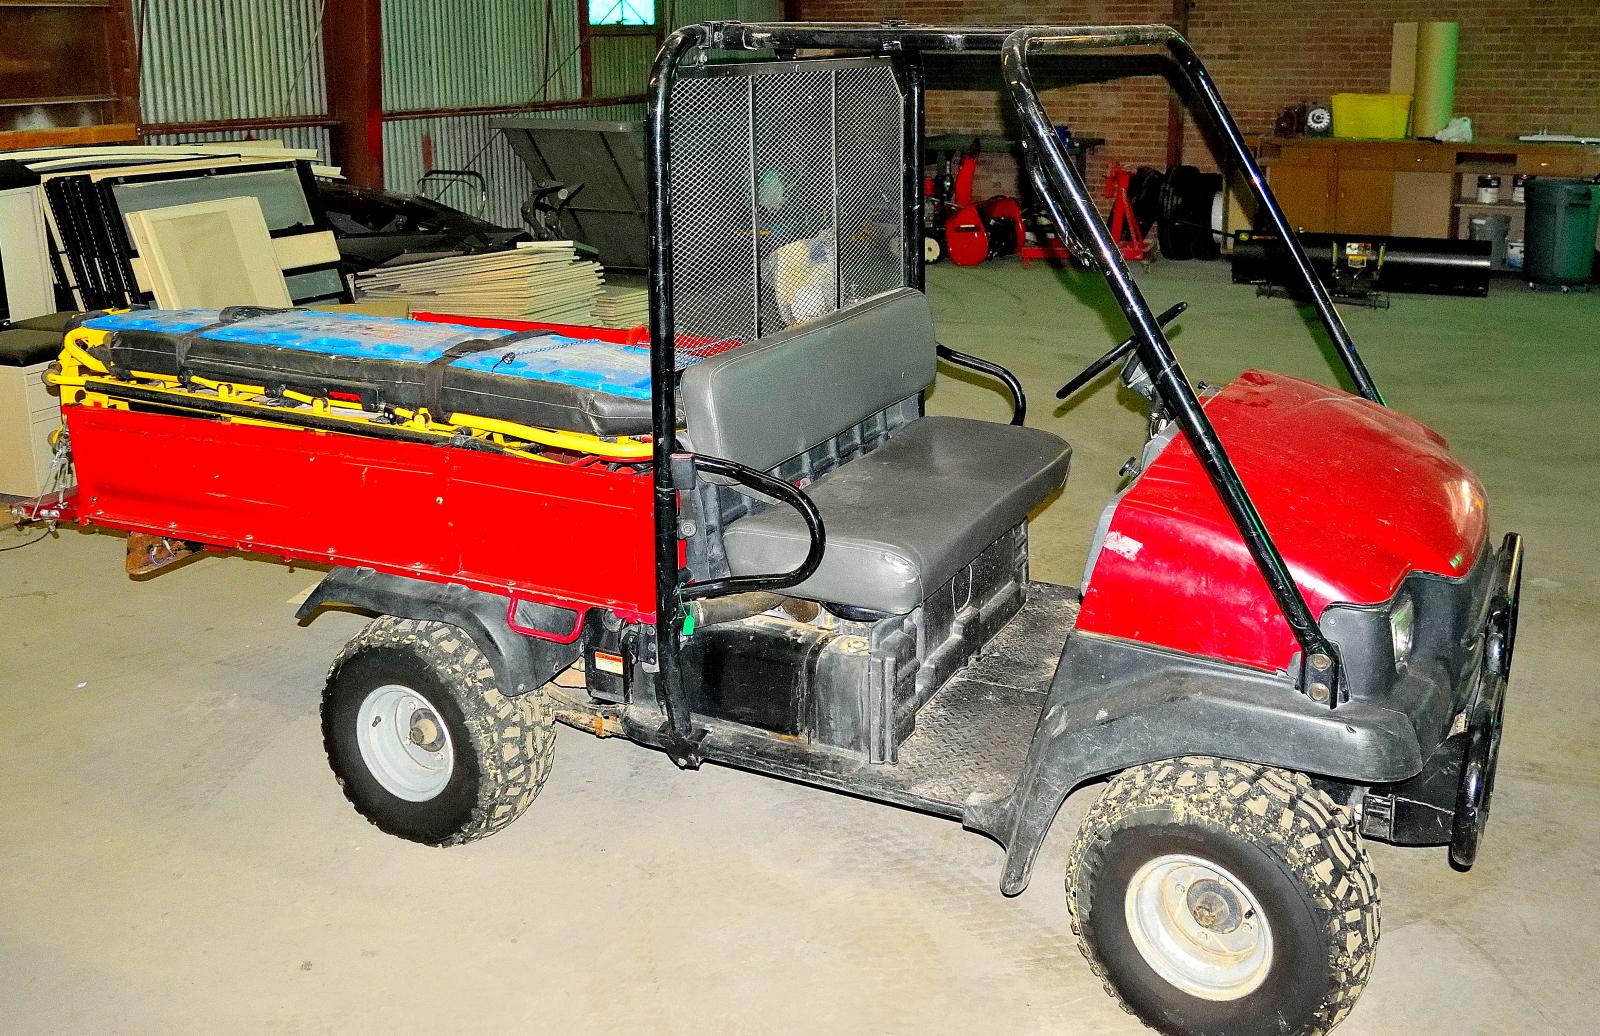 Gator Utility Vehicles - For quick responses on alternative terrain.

==

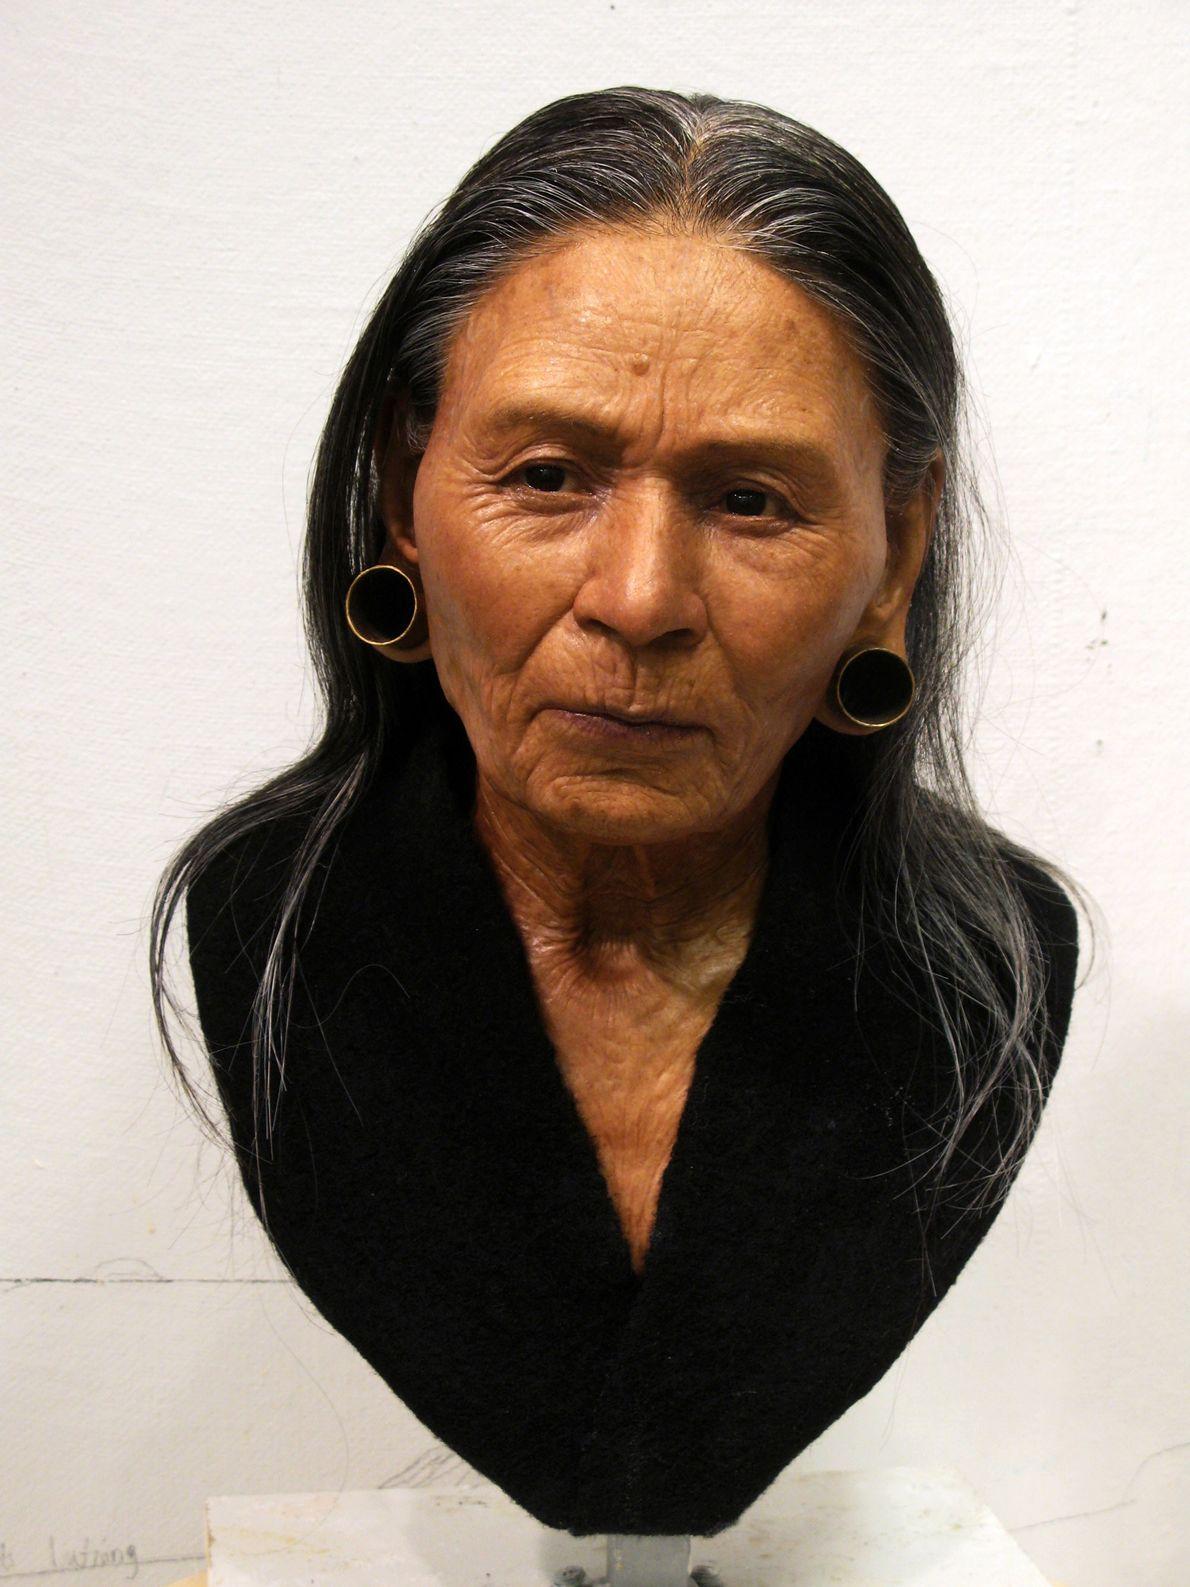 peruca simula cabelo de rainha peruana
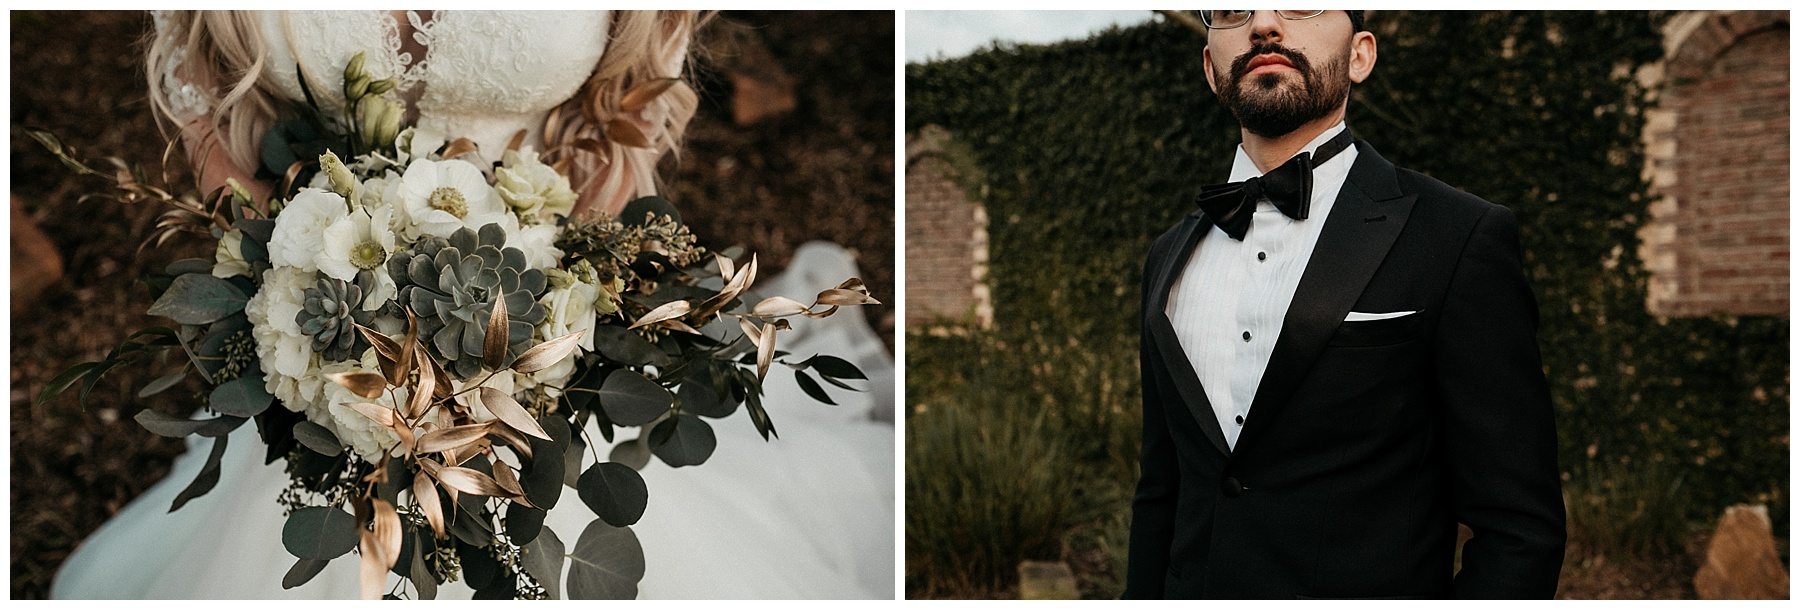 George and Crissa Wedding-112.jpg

...

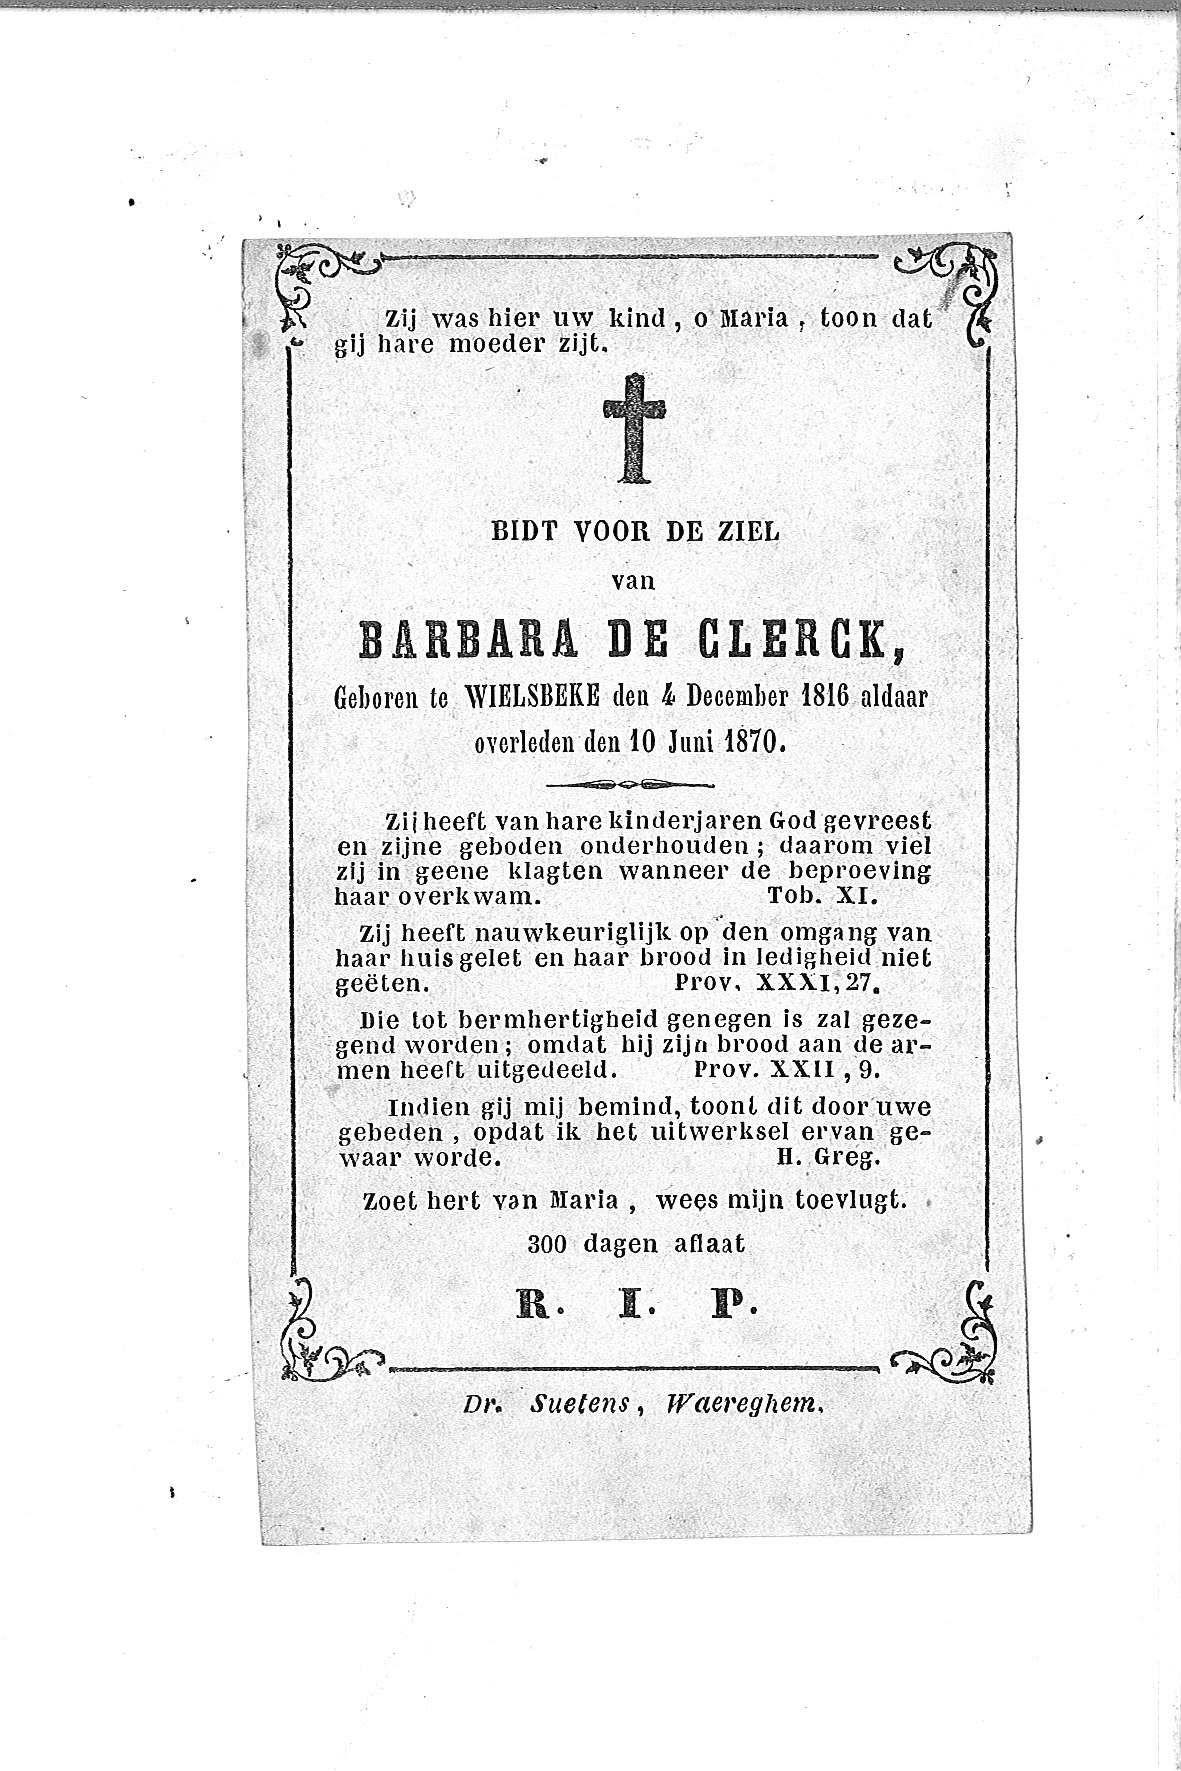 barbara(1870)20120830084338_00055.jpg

> **EXERCISE DESCRIPTION**
Up in the listing, locate the line with "peruca simula cabelo de rainha peruana"; print it and every line after it down to the line with "George and Crissa Wedding-112.jpg", which is included too. Skip the pictures.

> **ANSWER TO THIS TASK**
 peruca simula cabelo de rainha peruana
 George and Crissa Wedding-112.jpg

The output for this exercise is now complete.